Keine Lust auf Yoga? Sieben Alternativen

Wir alle haben gute und schlechte Tage. Vielleicht hast du die letzte Nacht mit Freund*innen durchgetanzt, gerade deine Menstruation, oder du bist einfach mit dem falschen Bein voraus aus dem Bett gefallen. Egal, wieso, manchmal möchte man einfach nur noch im Bett bleiben und sich die Decke über den Kopf ziehen. Yoga? Heute eher nicht so.

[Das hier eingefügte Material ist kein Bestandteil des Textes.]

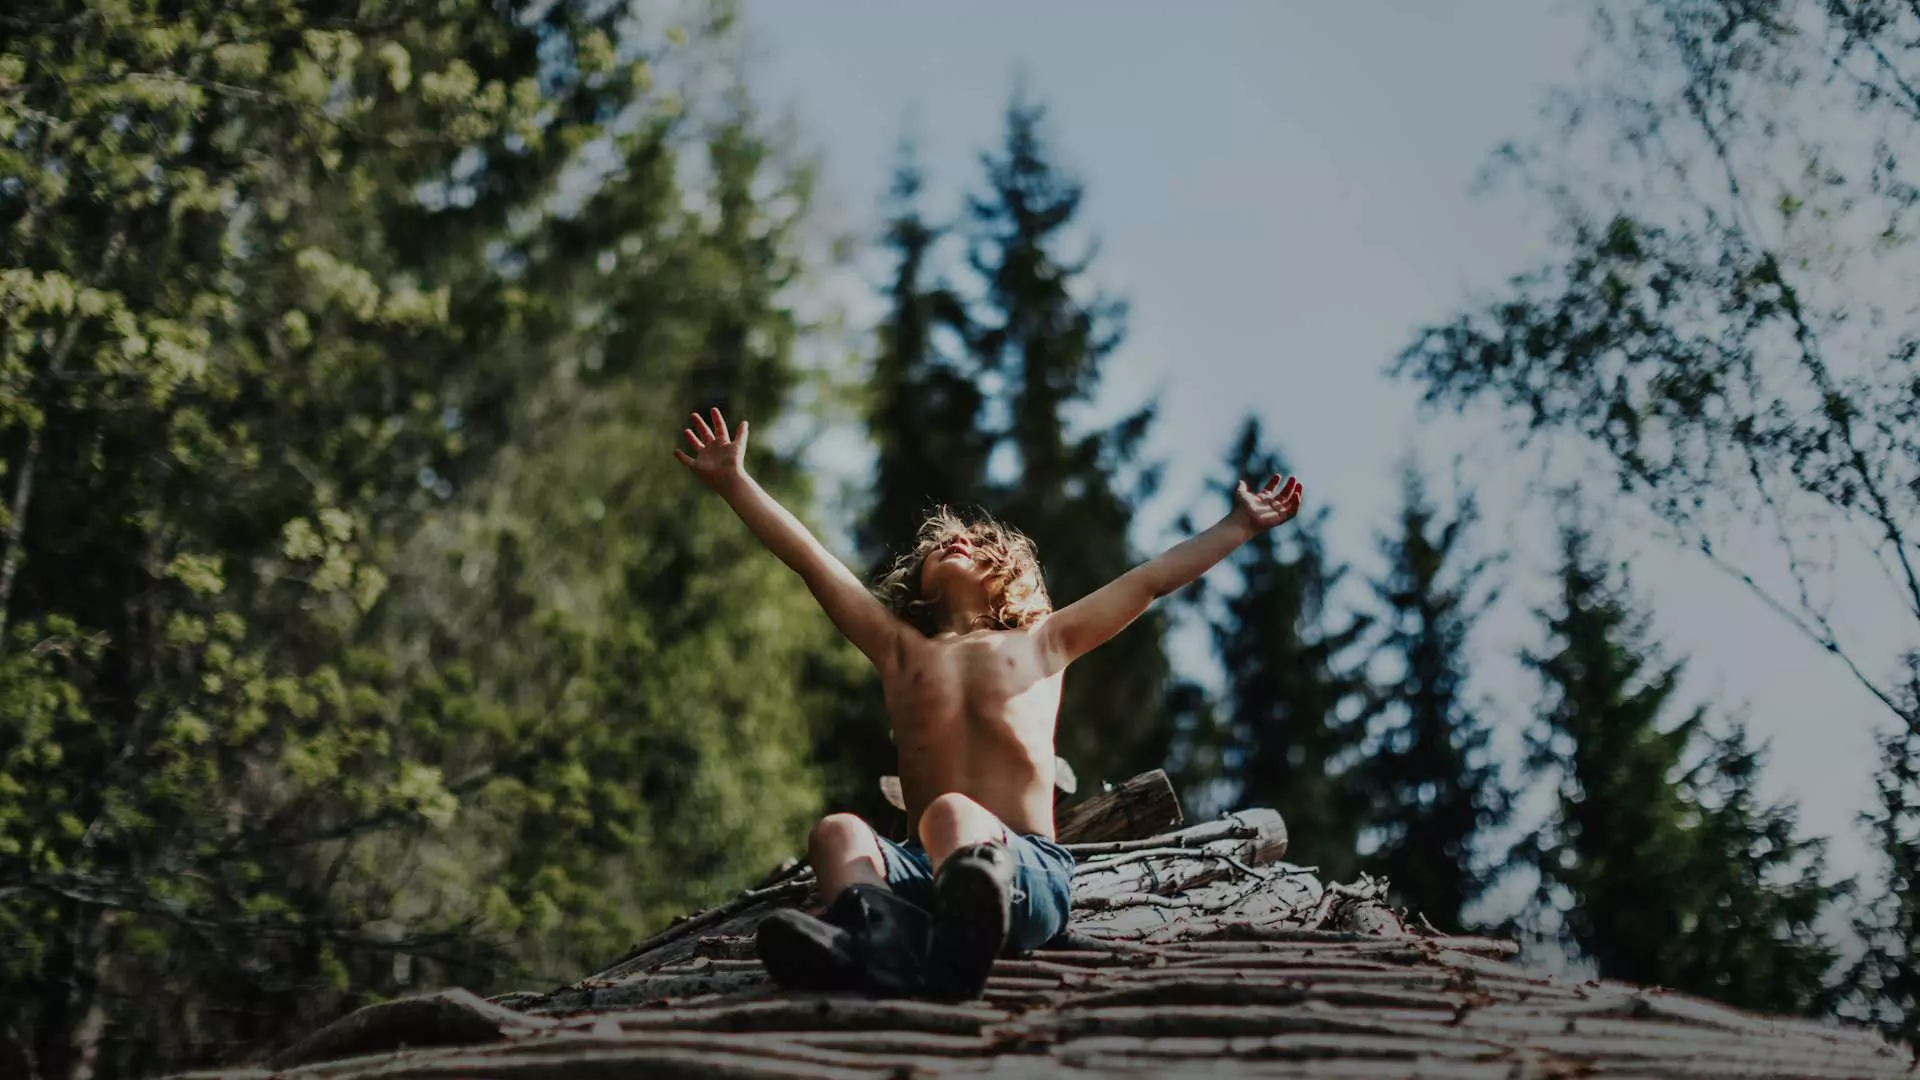 En gutt sitter på taket av en hytte i skogen med armene strukket ut. Bildet gir en følelse av frihet og glede.

Effektiv entspannen – ein Paradox

Ich tendiere dazu, meinen Tag bis ins kleinste durchzuplanen und zu optimieren. Nach der Ashtanga Stunde noch kurz einen kalorienfreien Shake trinken und ab ins Büro. Auf dem Rückweg nach Hause noch fürs Abendessen einkaufen und dem Liebsten etwas kochen. Abends Quality Time in Form von Netflix – aber bitte nur genau 90 Minuten. Denn man muss sich ja auch Zeit für sich selbst nehmen. 10 Minuten Abendmeditation also. Ich bin nicht effektiv entspannt. Das stresst mich.

Stoppe die Selbstoptimierung!

Obwohl ich mich den ganzen Tag mit Spiri-Themen beschäftige und man denken würde, ich sei dadurch total entspannt, hatte ich in der Mitte einer Yoga-Stunde auf einmal starke Magenkrämpfe. Ich hatte vergessen, vorher etwas zu essen. Und da ich nicht “versagen” wollte, habe ich die Stunde durchgehalten, obwohl ich Schmerzen hatte. Ich hatte das eben so geplant!

Wie kann ich mich selbst wieder spüren?

Dieses Erlebnis hat mir gezeigt: ich muss etwas ändern. Den Terminkalender mit Yogastunden vollzustopfen und diese ohne Tiefe zu absolvieren, ist kontraproduktiv. Ich möchte mich wieder spüren; wahrnehmen, wenn ich Hunger habe oder müde bin, und nicht erst auf die Signale meines Körpers hören, wenn es zu spät ist.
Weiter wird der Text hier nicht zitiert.